How Should You Store Strimvelis?

Strimvelis is a fresh, living cellular product that cannot be frozen or stored long-term. It is prepared and administered on the same day at the designated qualified treatment center. The infusion must start within 6 hours of release by the quality control laboratory. Patients and families are not responsible for storage.

Unlike conventional medicines, Strimvelis is not supplied in pharmacies and is not available for take-home use. It is a living cell therapy that must remain metabolically active and sterile until it reaches the patient's bloodstream. Strict handling requirements are built into every step of the treatment pathway.

Strimvelis is stored at a controlled room temperature of approximately 15–30°C in its infusion bag between release and administration and must not be refrigerated or frozen. Cooling or freezing would destroy the stem cells and render the product useless. Once quality-control release testing is completed, the product must be infused within six hours; if this window is missed, the infusion cannot proceed.

The infusion bag must be inspected by the administering healthcare professional before use. Any sign of damage, leakage, discoloration or aggregation is an absolute reason not to infuse the product. The patient's identity is verified against the product label at multiple checkpoints, because Strimvelis is autologous and must never be given to any person other than the patient from whom the cells were collected.

What Does Strimvelis Contain?

Strimvelis contains the patient's own genetically modified CD34+ hematopoietic stem cells suspended in an infusion medium. The formulation also includes sodium chloride, human serum albumin and residual components from the manufacturing process such as bovine serum albumin. Each dose is individually manufactured and contains a minimum of 4 × 10⁶ CD34+ cells per kg body weight.

The active ingredient of Strimvelis is an autologous CD34+ enriched cell fraction transduced ex vivo with a replication-deficient gammaretroviral vector encoding the human adenosine deaminase (ADA) complementary DNA. In practical terms, this means hematopoietic stem and progenitor cells from the child's own bone marrow that now carry a permanent, working copy of the ADA gene.

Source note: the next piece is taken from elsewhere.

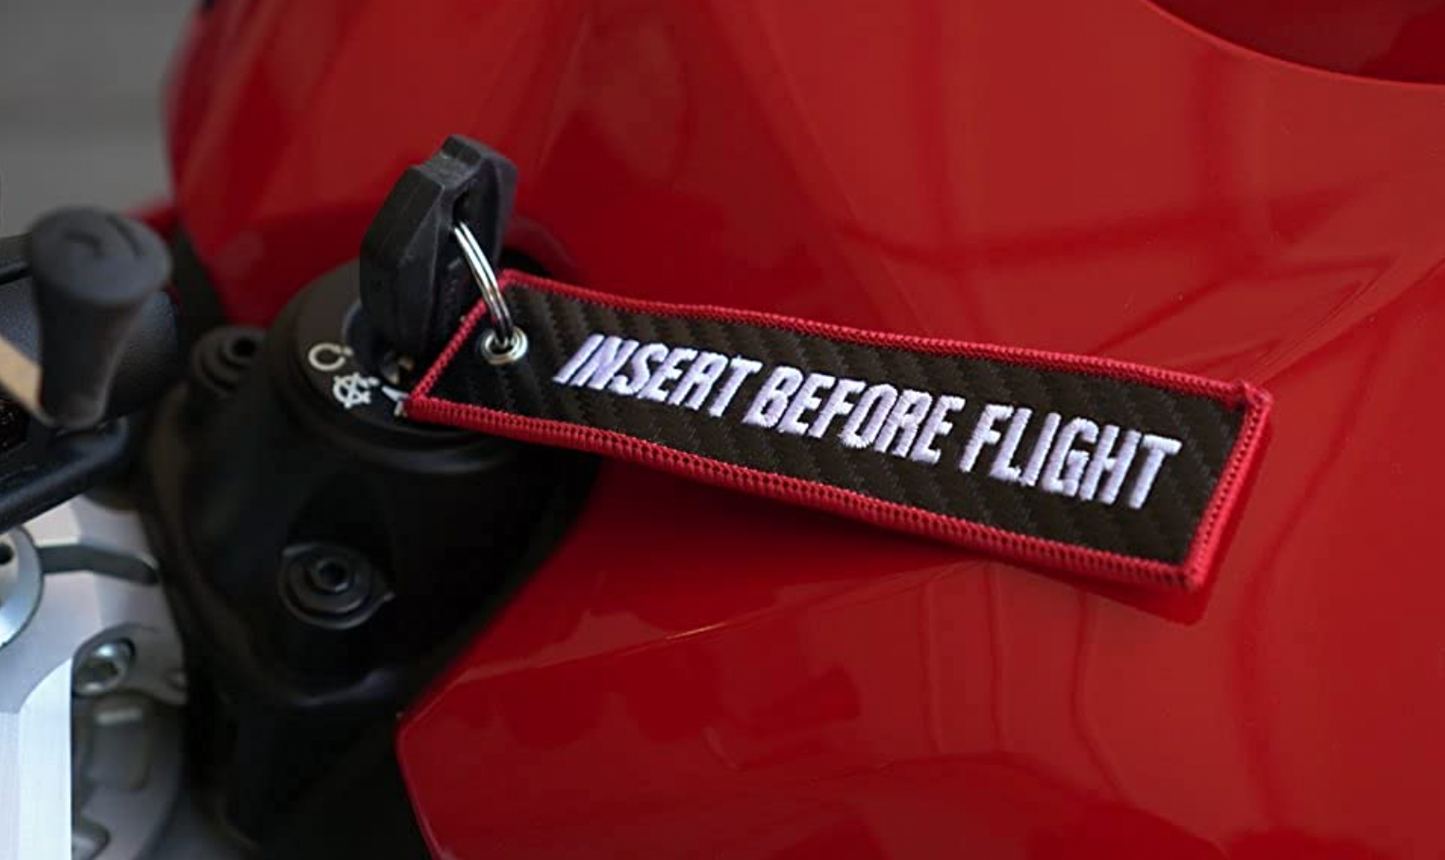 "Insert Before Flight" Carbon Fiber Keytag Motorcycle keychain

Excipients (Inactive Ingredients)

The infusion formulation contains the following inactive components, used to maintain the viability and sterility of the cell product:

• Sodium chloride (physiological saline base)
• Human serum albumin (stabilizer)
• Residual bovine serum albumin from the culture medium
• Residual growth factors used during ex vivo transduction
• Residual vector components and cell culture medium traces
• No DMSO or other cryoprotectants, because Strimvelis is not frozen

Important Composition Notes

Because Strimvelis is a genetically modified living cell product, patients, families and healthcare professionals should be aware of the following:

• Autologous: each dose is unique to one patient and must never be administered to any other person
• Sodium content: the overall sodium load is low and is not usually a clinical concern, but infants with cardiac or renal conditions will have fluid balance monitored carefully
• Bovine serum albumin residue: patients with known beef allergy or hypersensitivity to bovine proteins should be identified before treatment
• Gammaretroviral vector: integrates into the patient's genome; the vector itself is replication-defective and cannot produce new virus

Appearance and Packaging

Strimvelis is a translucent, colorless to slightly yellow cell dispersion supplied in a transfer bag containing approximately 50 mL of product. The bag is clearly labeled with patient identifiers, cell count, lot number, release date and expiry time. The bag is enclosed in protective overwrap for transport from the clean-room facility to the patient bedside within the same hospital.